她一摸兜,一巴掌就糊了上去,揪着耳朵,“你是不是又从我这摸钱喝酒去了?”
“哎哎哎,哪能呢,你再找找,说不定掉了呢。”
男人挣脱,连忙转移话题:“不过这小子是真能啊,以前就觉着挺机灵的,那么小一点就知道从我这进东西往学校卖吃回扣,现在果然出息了。”
简念眨眨眼,他们在说……陆准吗?
她点头,表示赞同,他确实很聪明,也很会赚钱。
司机唉了一声,搭着方向盘回头,跟她商量:“哎,姑娘,我估计前面还得堵好一会,前面就两百米了,你自己过去呗。”
简念看也不远了,就点点头,开门下车。
“废话,你当跟那家子似的,又不是亲……”
小卖部门口的两个人见了她,话音忽然低了下来,低头吃饭。
简念疑惑,又不是什么?
听上去他们好像是认识陆准的,她想去问问更多关于他的事,两人却吃完了饭,陆续起身进了小卖部里头。

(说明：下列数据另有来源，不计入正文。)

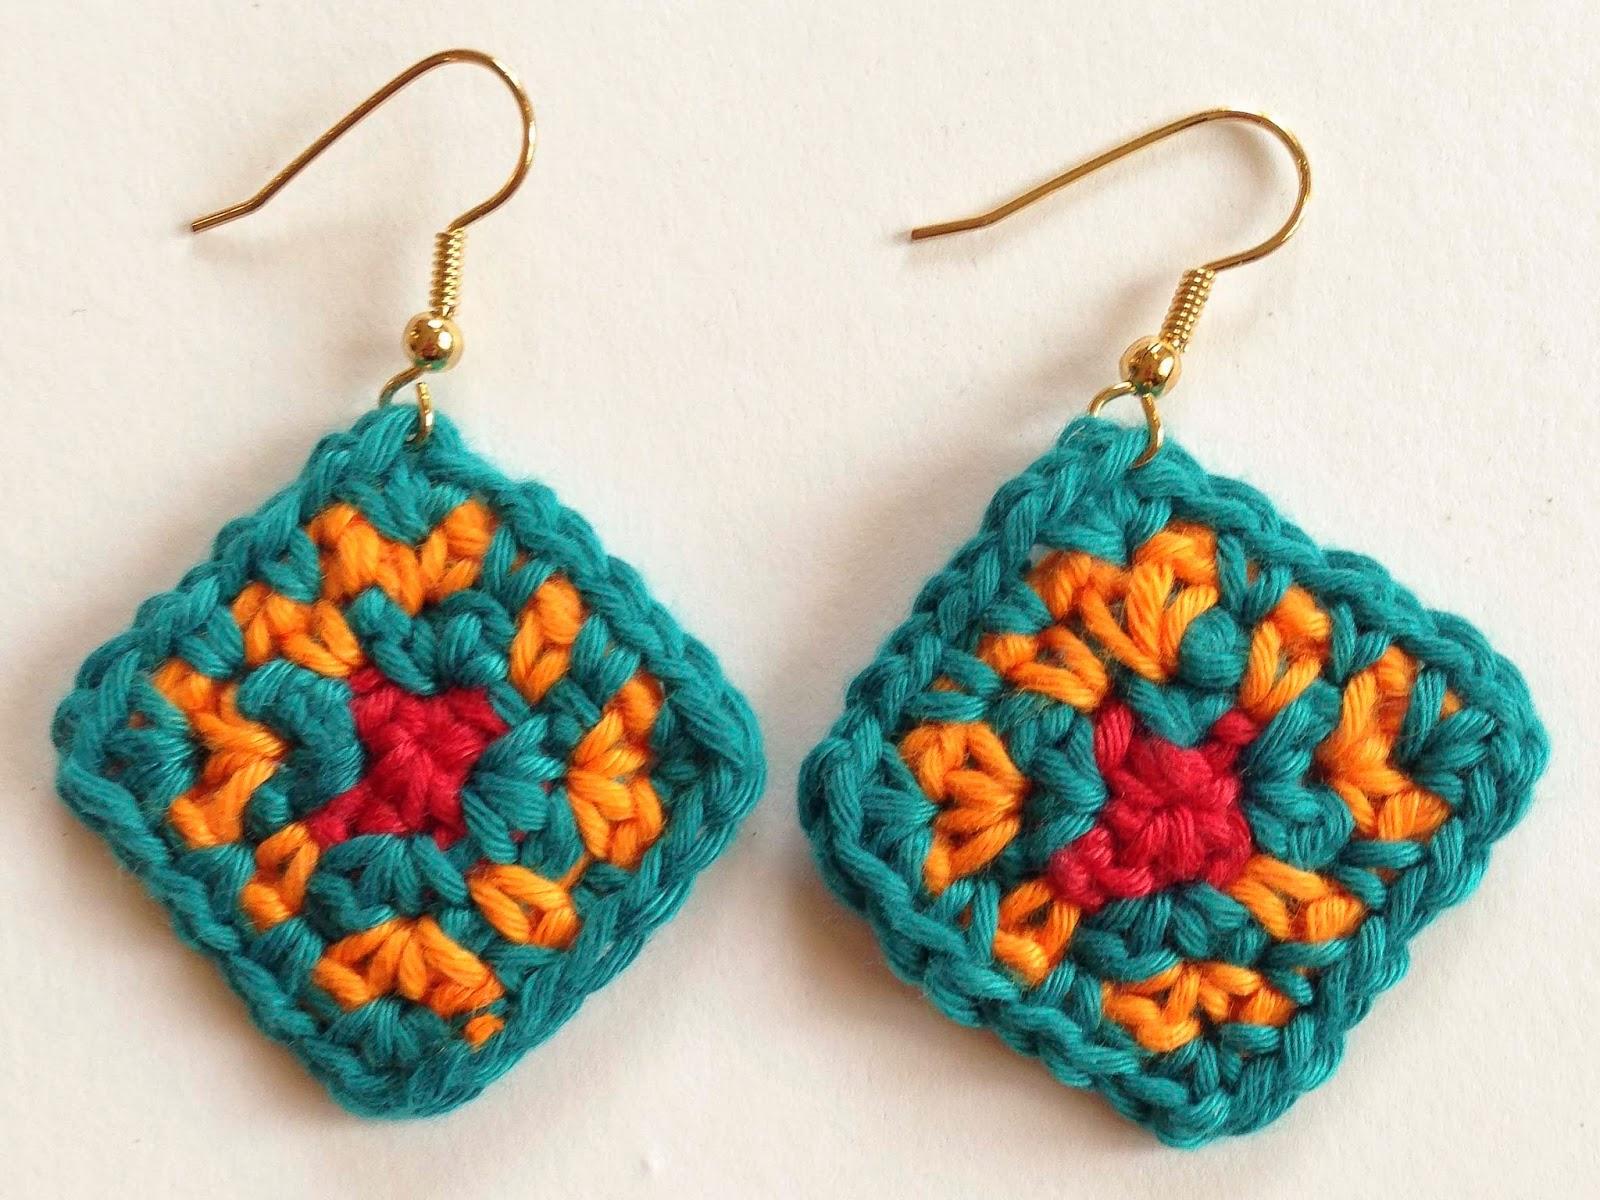 crochet rockstar: The Colors of Africa Crochet Earrings

绕过堵住的路口,简念到了陆家门口,院门是开着的,院里停着的电瓶车还没回来,大概是陆父还没下工。
她走进去,撩起门帘,走进去。
客厅里徐母正坐在沙发里,剥着橘子,跟人打着视频电话。
“……想闹闹呗,这事看闹出去了丢脸的是他们还是我们。”她嗤笑一声,“她那家里不就是想多要点彩礼,我跟你说她那个妈可精明了。”
电话里的声音听起来不太清晰。
“那就一直拖着啊,月份大了咋整?”
她悠悠的,“她还能打了不成?一二手货谁还会要。”
“再说了,”徐母扔掉橘子皮,“就她那样的我也看不上,没点规矩,穿的花里胡哨的,那指甲长的跟什么似的,哪像是个老实过日子的?我们家一飞什么样的娶不着?”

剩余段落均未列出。